Write each line below back out exactly, omitting its pictures.

**Supplied material**:

------------

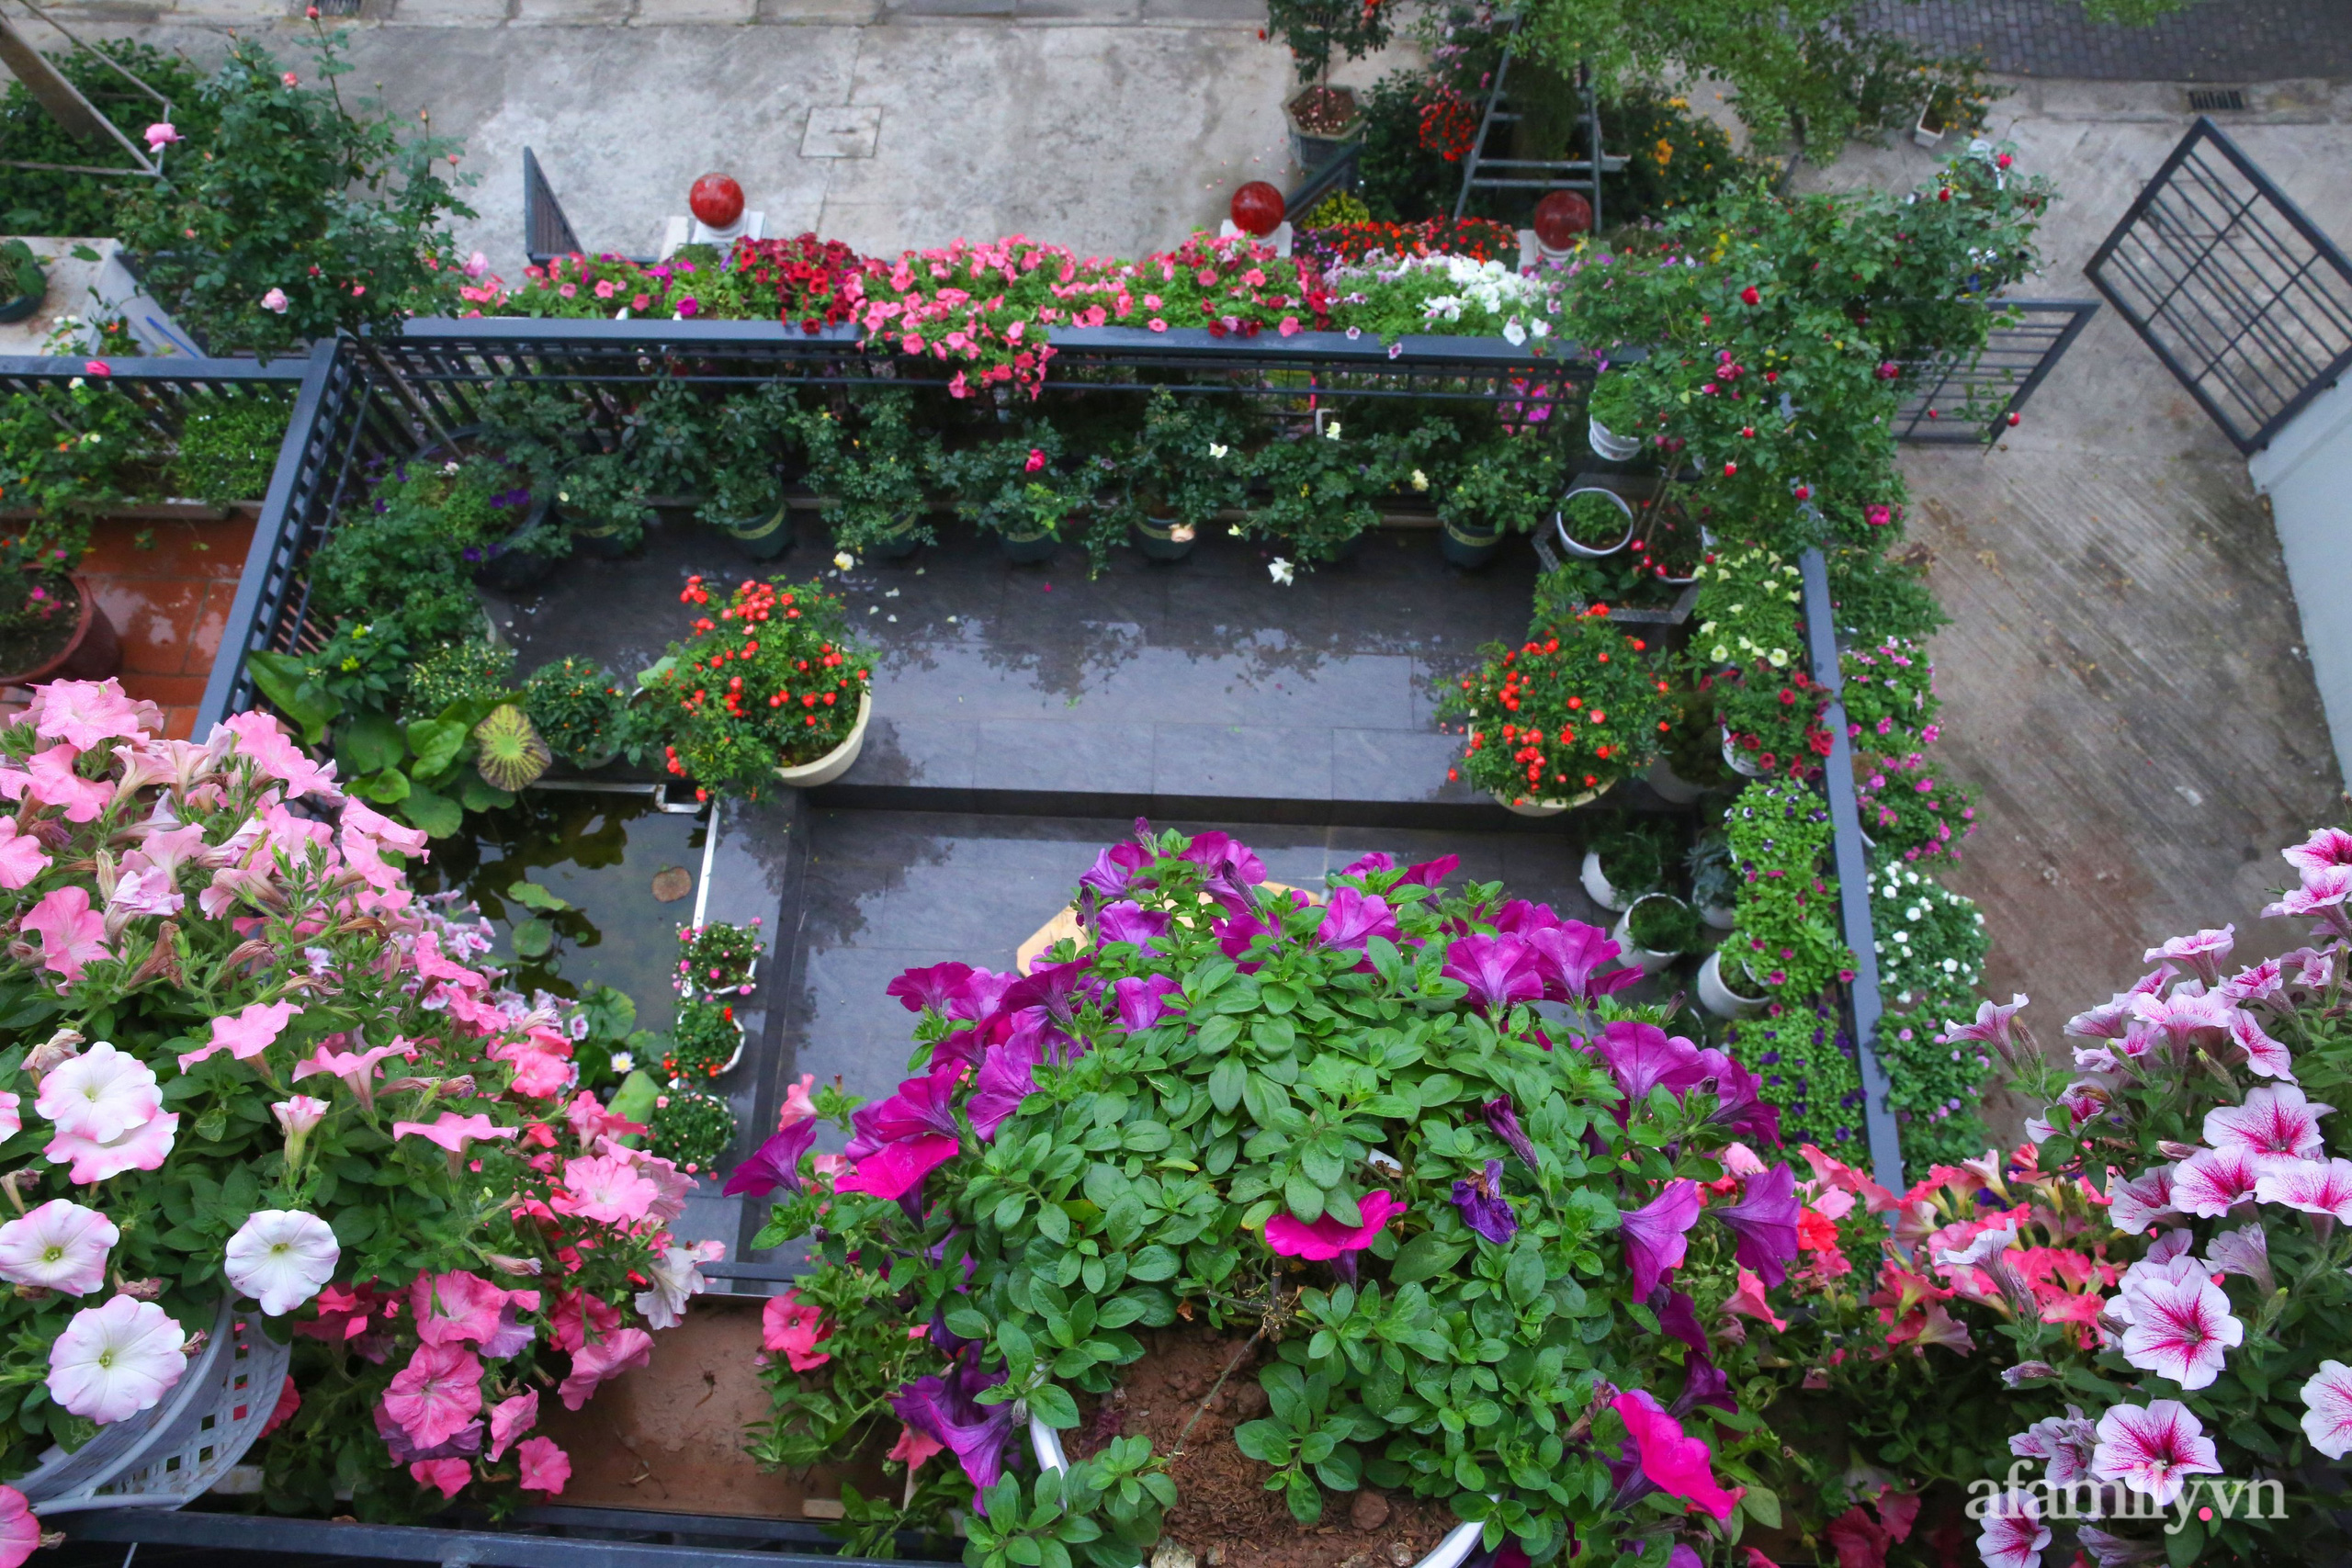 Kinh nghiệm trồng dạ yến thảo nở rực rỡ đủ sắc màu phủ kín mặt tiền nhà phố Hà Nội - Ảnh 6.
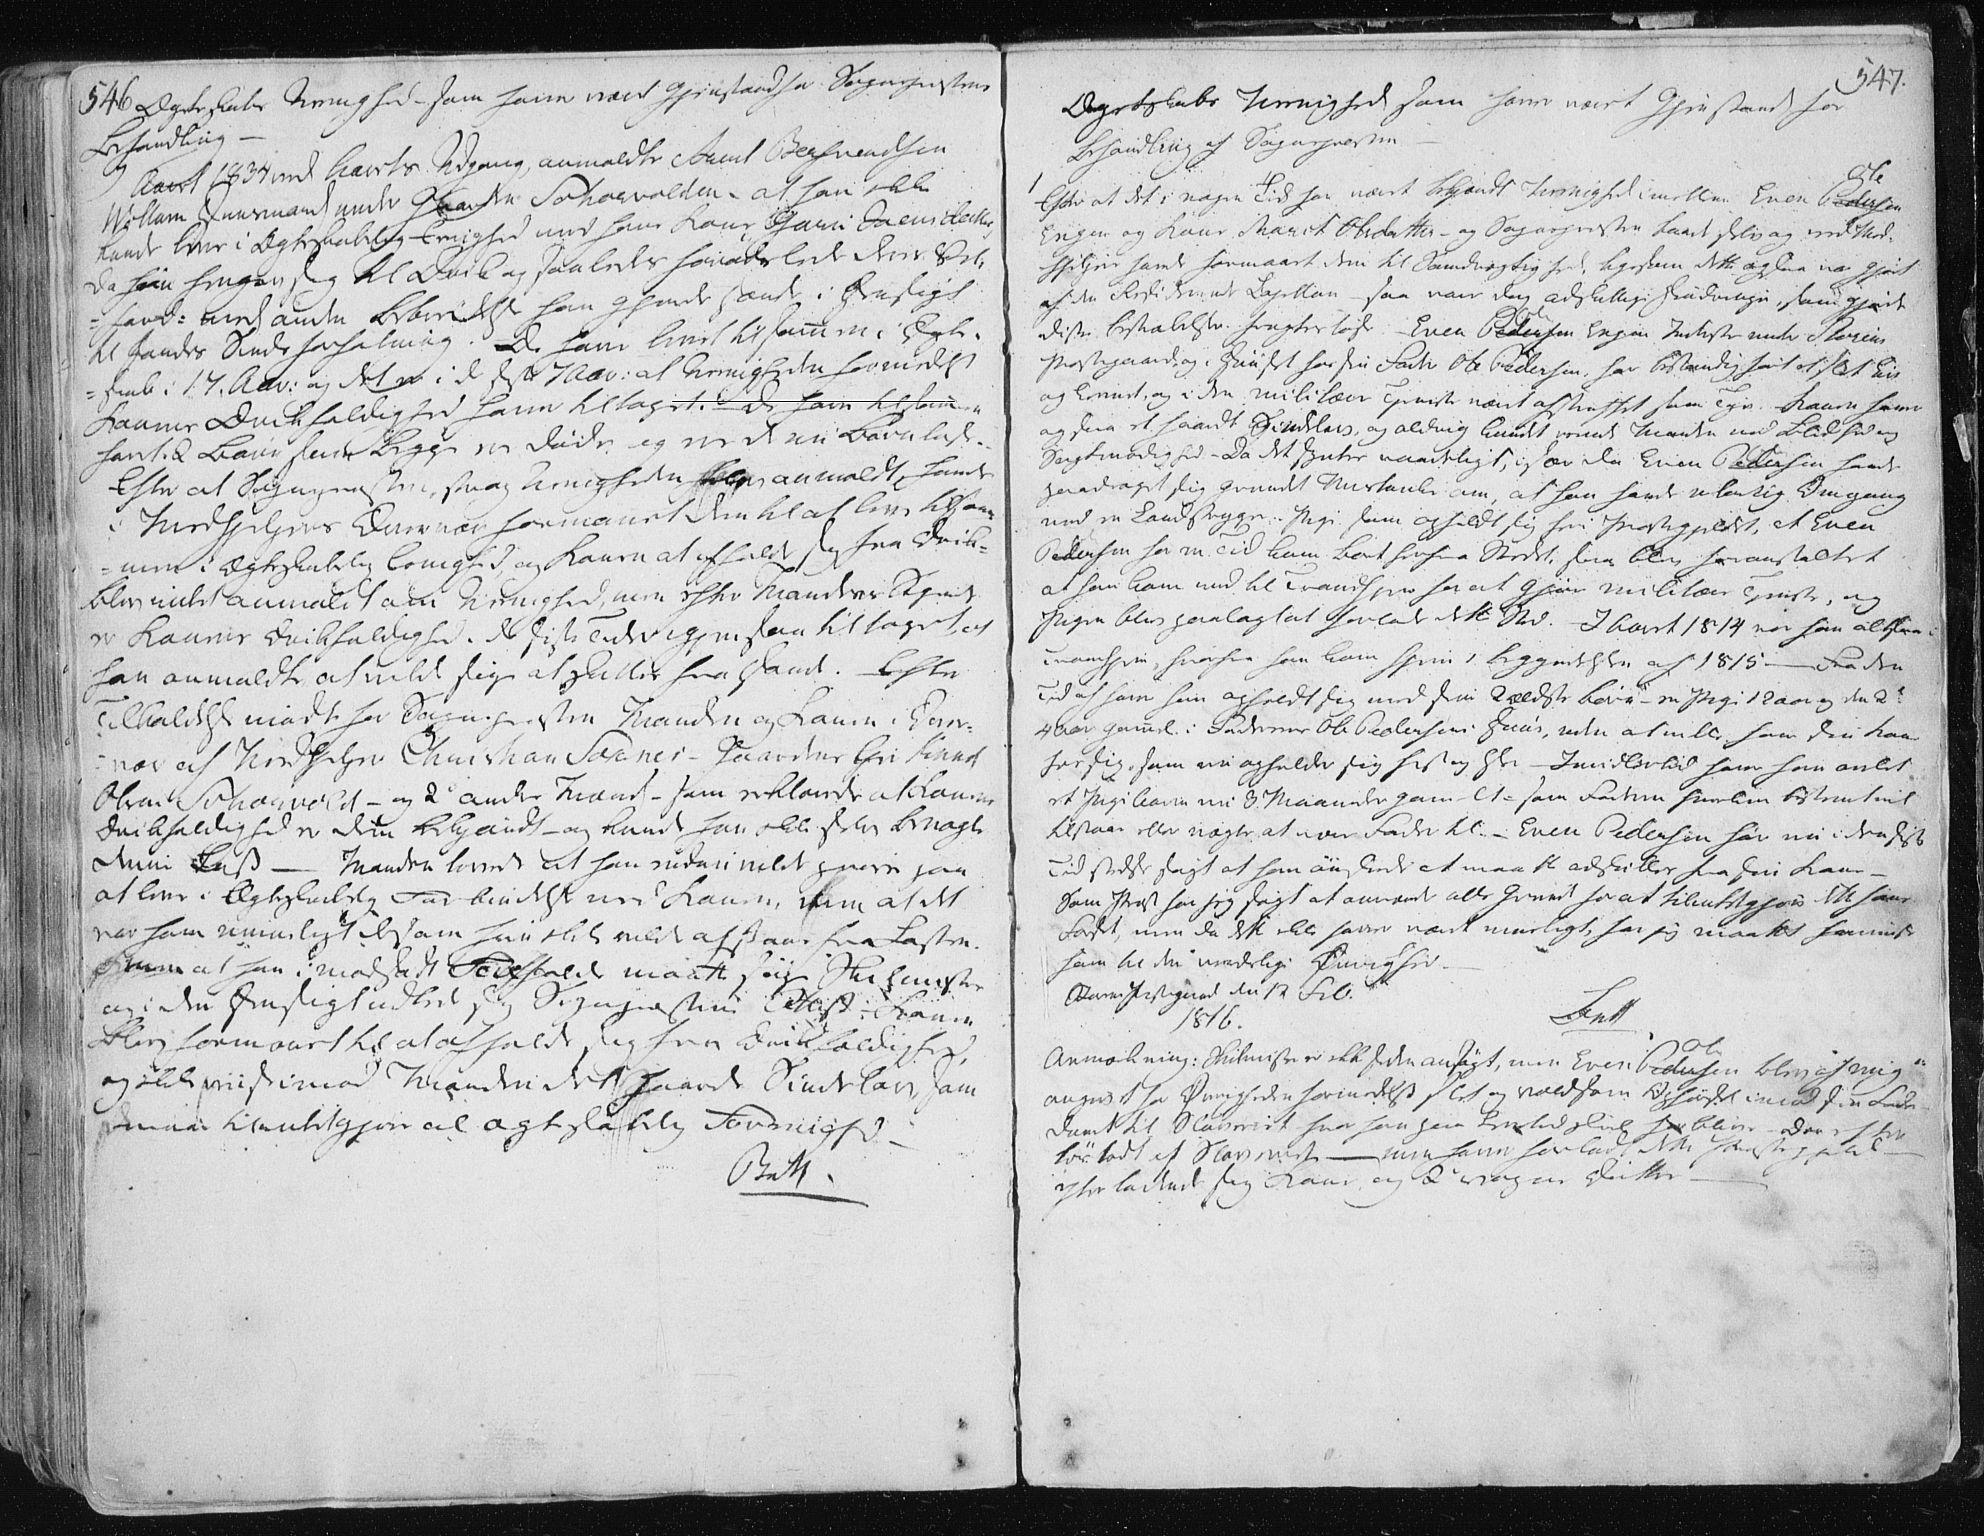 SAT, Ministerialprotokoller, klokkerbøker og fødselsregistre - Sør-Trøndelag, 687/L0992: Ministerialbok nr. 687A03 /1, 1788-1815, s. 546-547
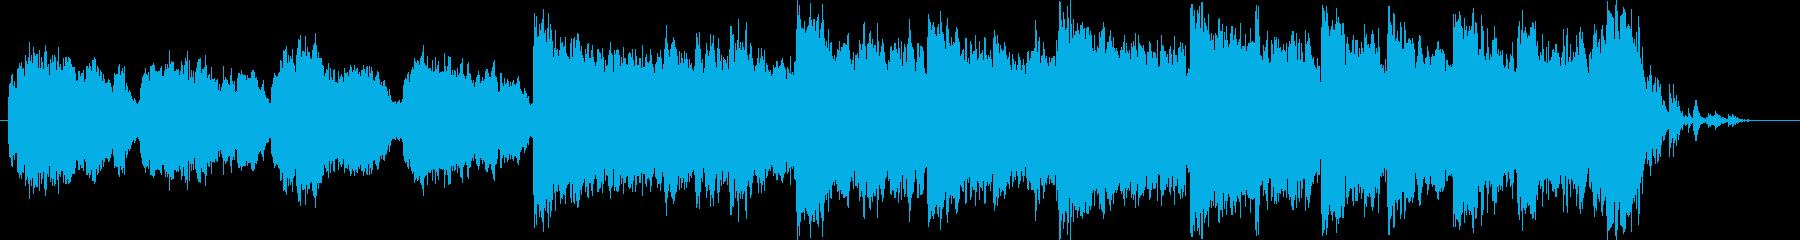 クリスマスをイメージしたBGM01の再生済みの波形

------------

**Final answer**:
 Kinh nghiệm trồng dạ yến thảo nở rực rỡ đủ sắc màu phủ kín mặt tiền nhà phố Hà Nội - Ảnh 6.
 SAT, Ministerialprotokoller, klokkerbøker og fødselsregistre - Sør-Trøndelag, 687/L0992: Ministerialbok nr. 687A03 /1, 1788-1815, s. 546-547
 クリスマスをイメージしたBGM01の再生済みの波形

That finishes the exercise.